Di Bundaran besar  kutemui kemeriahan pasar pagi. Ada banyak aktivitas di pusat kota ini, pedagang aneka makanan sarapan maupun kudapan, dan juga rupa-rupa dagangan lain. Banyak juga orang datang berolah raga bersama keluarga atau  teman. Banyak yang bergabung senam bersama, bersepeda, atau berseluncur dengan sepatu roda. Juga bermain sepak bola bersama teman sebaya.
Untuk anak-anak ada beberapa mainan yang bisa disewa. Jadilah pasar pagi ini alternatif wisata keluarga di kota Palangkaraya.

Diantara pemilik lapak ada yang menarik perhatian  para pengunjung. Barang dagangannya biasa saja, alat tulis dan perlengkapan sekolah.

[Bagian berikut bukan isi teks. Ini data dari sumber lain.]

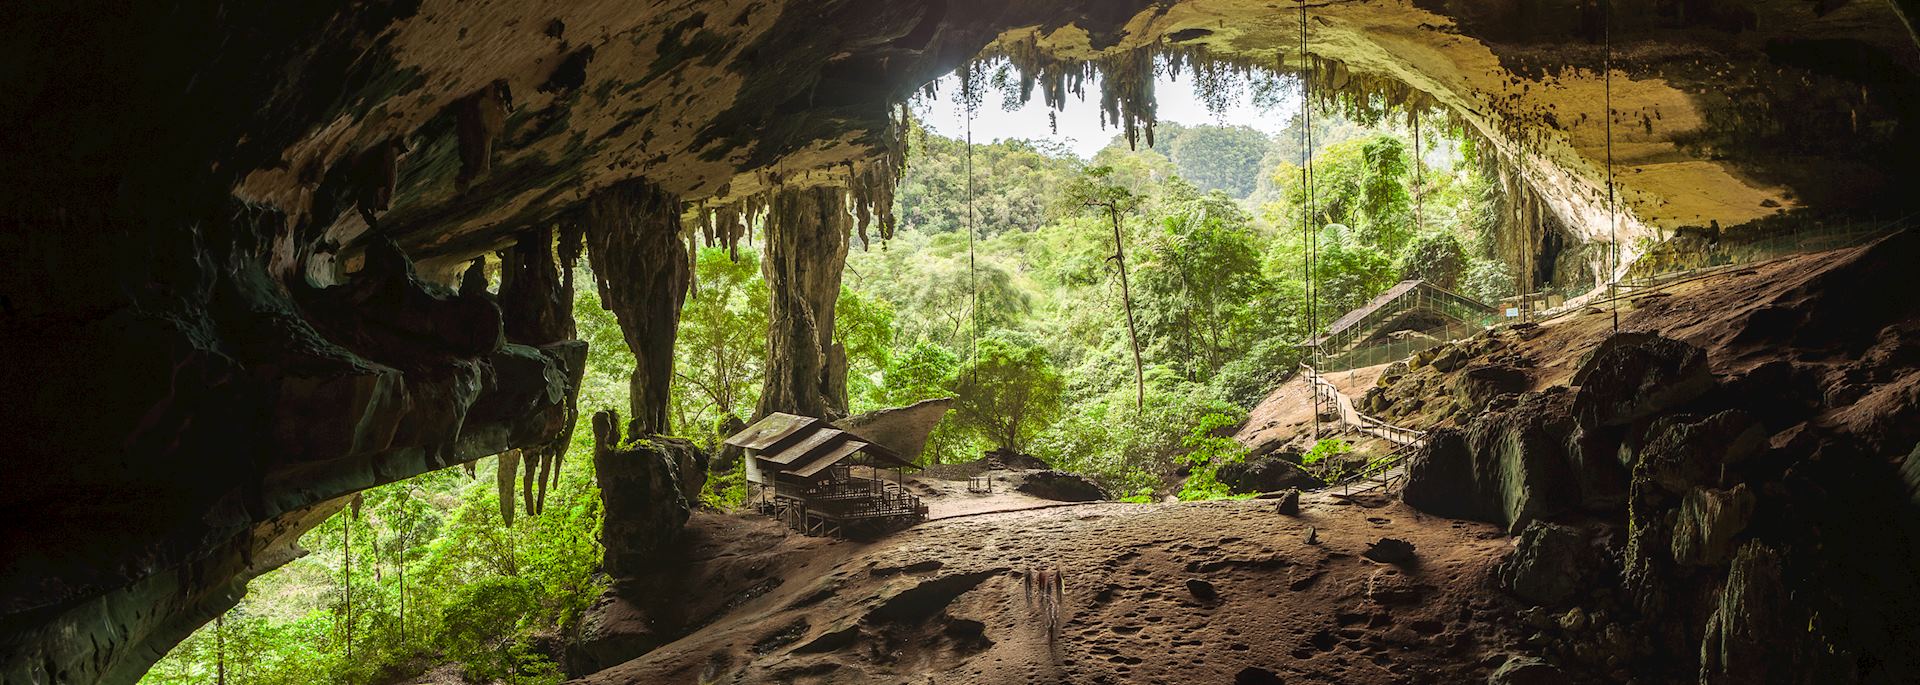 Caves at Niah National Park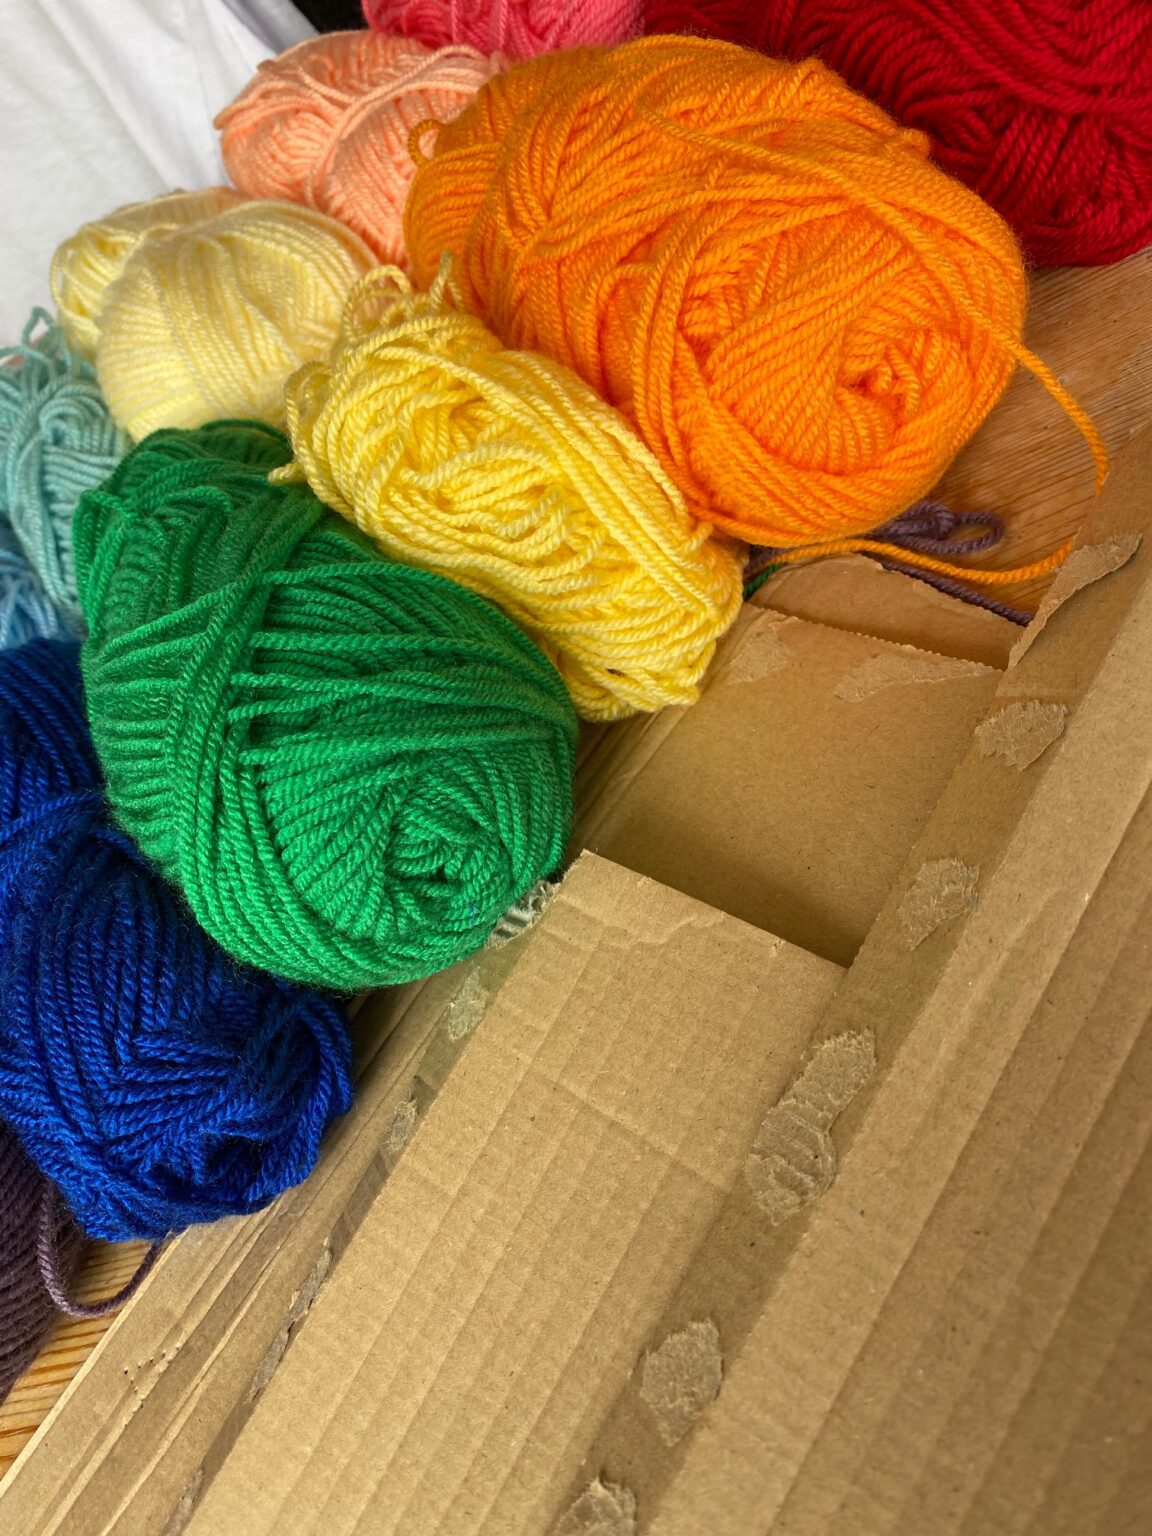 Bright rainbow yarn and cardboard all ready to go.

Yang istimewa adalah penjualnya: beberapa anak kecil.

Terkadang muncul juga komentar orang:
"Kasihan anak sekecil itu disuruh kerja, kemana orang tuanya?"

 



Apakah mereka anak-anak yang tidak mampu? Tidak juga. 
Saya beruntung bisa menemui anak-anak 'hebat' ini dan juga ayah bundanya.
Mereka adalah anak berusia kelas 2, kelas 1, dan TK. Sebut saja namanya Qonita, lalu Disya dan dua adiknya yakni 'Aina dan Dira.

Awal mulanya adalah semangat berwirausaha yang diajarkan disekolah mereka. Anak-anak diajari untuk menjadi calon pengusaha oleh ibu guru mereka. Ternyata mereka cukup berbakat.

Qonita, pemilik lapak itu, masih duduk di bangku kelas 1 SD. Sejak masih TK kecil, rupanya ia mewarisi bakat dua neneknya yang menjadi pedagang kelontong dan penjual tahu. Ia meminta ibundanya untuk memberikan barang dagangan berupa alat tulis. Dijualnya di sekolah saat istirahat atau sebelum pulang. Ternyata laku dan bahkan memiliki pelanggan.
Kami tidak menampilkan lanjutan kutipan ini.